This article is part of our coverage.

A new machine learning technique developed by researchers at Edge Impulse makes it possible to run real-time object detection on devices with very small computation and memory capacity. New computer vision applications can be unlocked by the new deep learning architecture.

Most object-detection deep learning models have memory and computation requirements that are beyond the capacity of small processors. It requires several hundred kilobytes of memory, which makes it a great technique for TinyML, a subfield of machine learning focused on running models on devices with limited or no internet access.

Image classification vs object detection

TinyML has made great progress in image classification, where the machine learning model only predicts the presence of a certain type of object in an image. The model needs to identify more than one object as well as the bounding box of each instance.

elephants-object-detection

Object detection models require more memory and are more complex than image classification networks.

We added computer vision support to Edge Impulse back in 2020, and we have seen a tremendous pickup of applications.

Many applications use image classification. A security camera can use TinyML image classification to determine if a person is in the picture or not. More can be done.

You're limited to these very basic classification tasks and it was a big nuisance. There is a lot of value in seeing three people and a label in the top left corner.

The earlier object detection models had to process the input image several times to locate the objects, which made them slow and expensive. YOLO uses single-shot detection to provide near real-time object detection. Their memory requirements are still large. Even models designed for edge applications are hard to run on small devices.

YOLOv5 and MobileNet are large networks that will never fit on a computer and are not compatible with the class of devices.

These models need a lot of data and they are bad at detecting small objects. YOLOv5 recommends more than 10,000 training instances per object class.

Not all object-detection applications need the high-precision output that deep learning models provide. You can shrink your deep learning models to very small sizes if you find the right tradeoff between accuracy, speed, and memory.

FOMO predicts the object's center instead of detecting bounding boxes. Many object detection applications only look at the location of objects in the frame and not their sizes. It requires less data to detect centroids than it does to predict bounding box.

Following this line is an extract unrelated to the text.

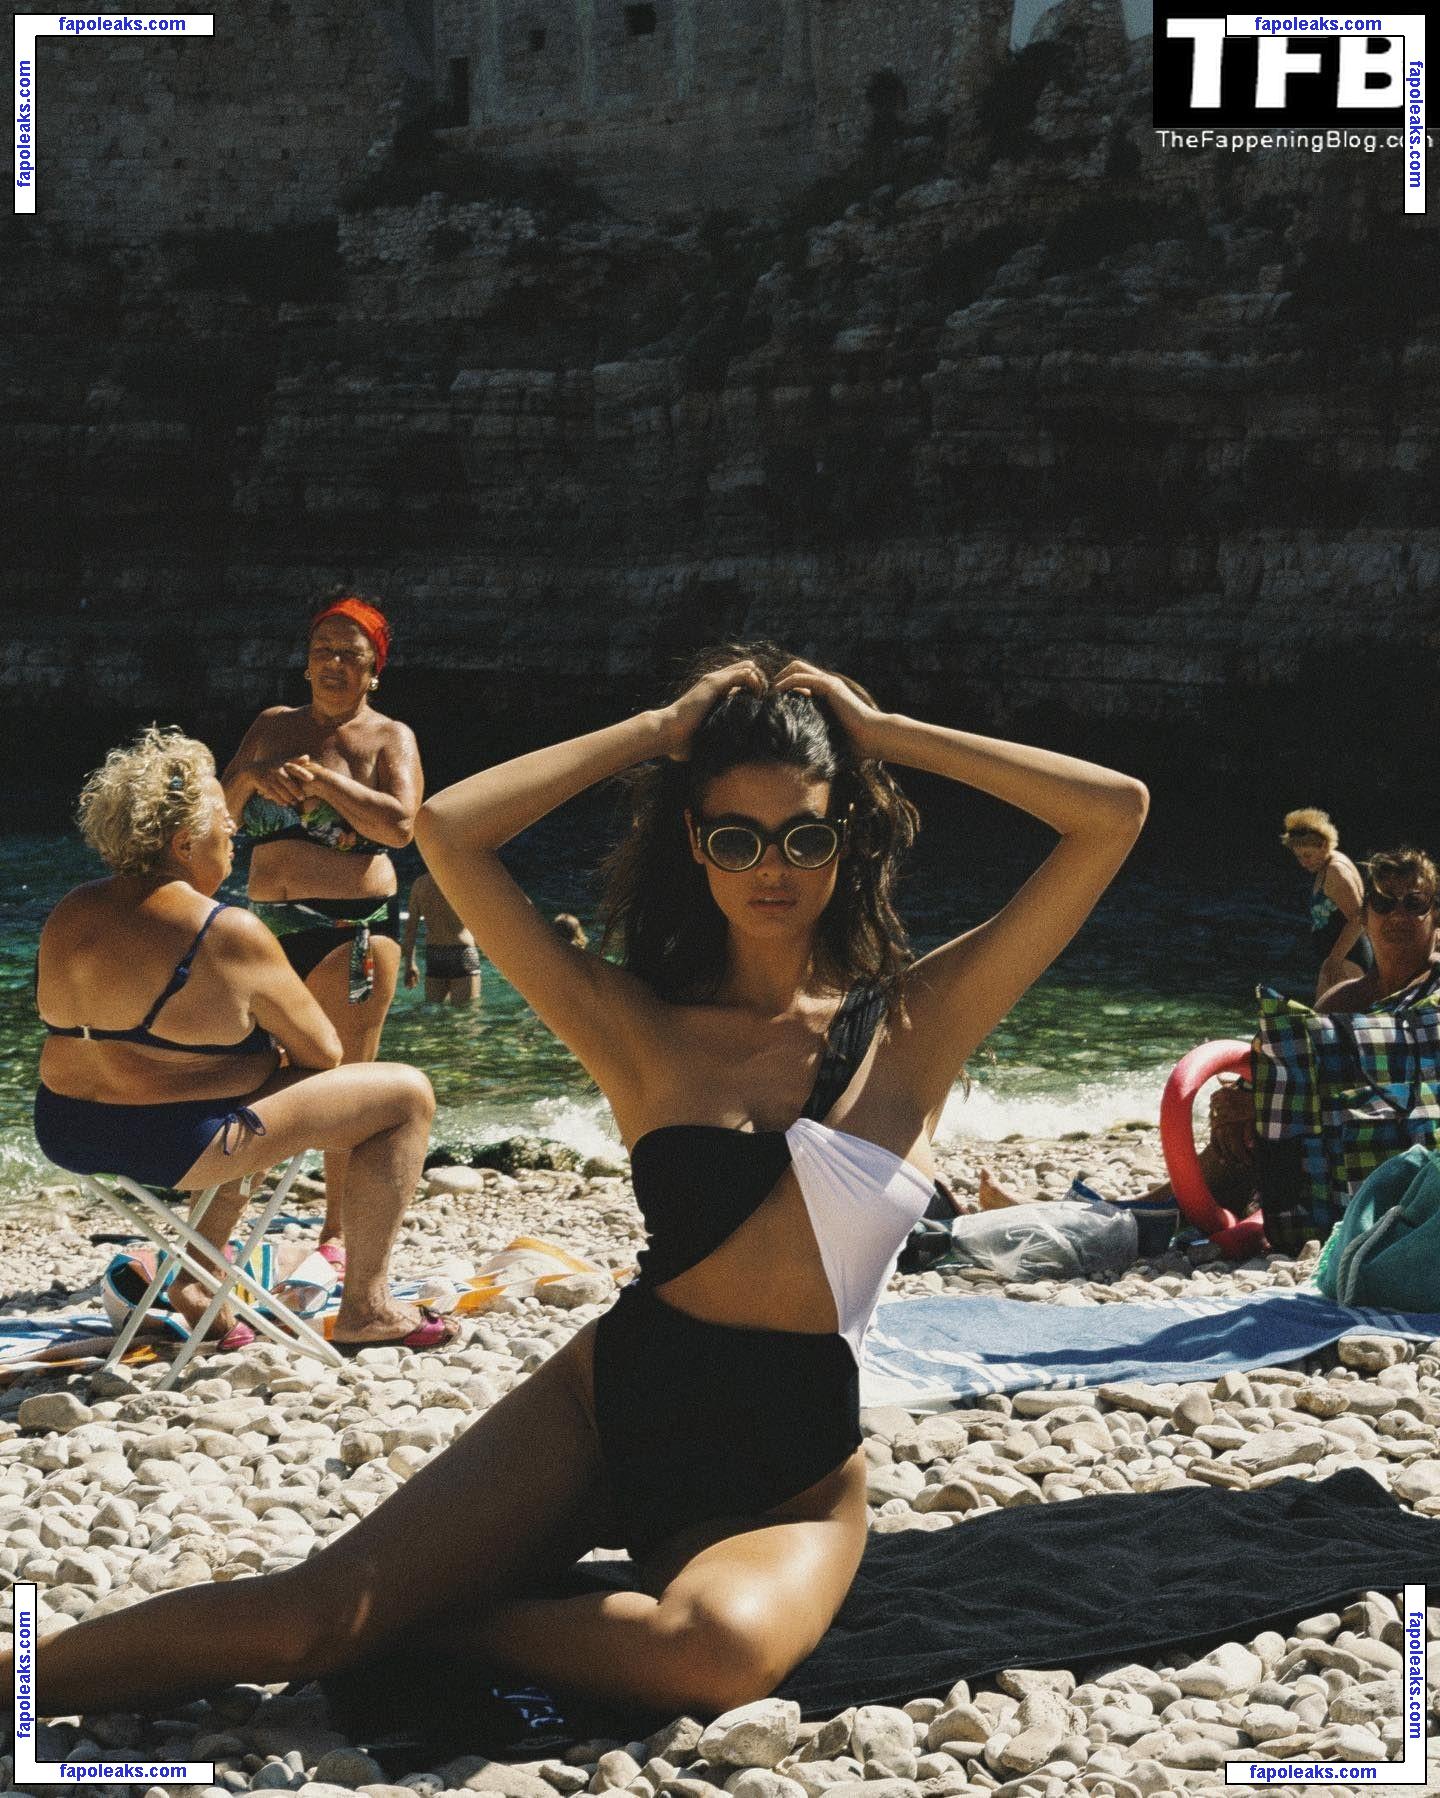 Bojana Krsmanovic nude photo #0211 from OnlyFans

sheep-object-detection-bounding-box-vs-centroid

Redefining object detection deep learning architectures

There is a structural change to traditional deep learning architectures.

A single-shot object detector is made up of a set of layers that are connected and have features. The visual features are pulled from the layers in a way. Simple things such as lines and edges are detected by the first layer. The pooling layer reduces the size of the layer and keeps the most prominent features in each area.

The pooling layer's output is fed to the next layer, which extracts higher-level features, such as corners, arcs, and circles. As more layers are added, the feature maps can detect more complicated things.

neural-networks-layers-visualization
Each layer of the neural network encodes specific features from the input image.

The fully connected layers try to predict the class and box of objects by flattening the output of the final layer.

The last few layers are removed. The output of the neural network is turned into a smaller version of the image with each output value representing a small patch of the input image. Each output unit is trained on a special loss function to predict class probabilities for the patch in the input image. The output becomes a heat map.

fomo-heatmap
FOMO’s output layer produces a heatmap of class probabilities for each corresponding area in the input image.

There are several benefits to this approach. FOMO is compatible with existing architectures. MobileNetV2 is a popular deep learning model for image classification on edge devices.

FOMO lowers the memory and compute requirements of object detection models by reducing the size of the neural network. It is 30 times faster than MobileNet and can run on devices with less than 200 kilobytes of RAM.

The following video shows a neural network using a little over 200 kilobytes of memory to detect objects at 30 frames per second. FOMO can detect objects at 60 frames per second compared to the 2 frames per second performance of MobileNet.

Mat Kelcey, the Principal Engineer at Edge Impulse, did work on neural network architecture for counting bees.

He designed a custom architecture that works for this type of problem, because traditional object detection methods are bad at this type of problem.

The output can be configured based on the application and can detect many instances of objects in a single image.

FOMO-bee-detection
FOMO can detect many small object instances in an image

Limits of FOMO

There are tradeoffs to the benefits of FOMO. It works best when objects are the same size. It is like a grid of squares with each square detecting one object. If there are many small objects in the background and one large object in the foreground, it will not work well.

When objects are too close to each other, they will occupy the same grid square, which reduces the accuracy of the object detector. Reducing the cell size or increasing the image resolution can help you overcome the limit.

When the camera is in a fixed location, it's especially useful to use FOMO.

The Edge Impulse team plans to make the model 888-282-0465 888-282-0465 888-282-0465 888-282-0465 888-282-0465 888-282-0465 in the future.

The article was originally written by Ben Dickson and was published on TechTalks, a publication that examines trends in technology, how they affect the way we live and do business, and the problems they solve. We discuss the evil side of technology, the darker implications of new tech, and what we need to look out for. The original article can be read here.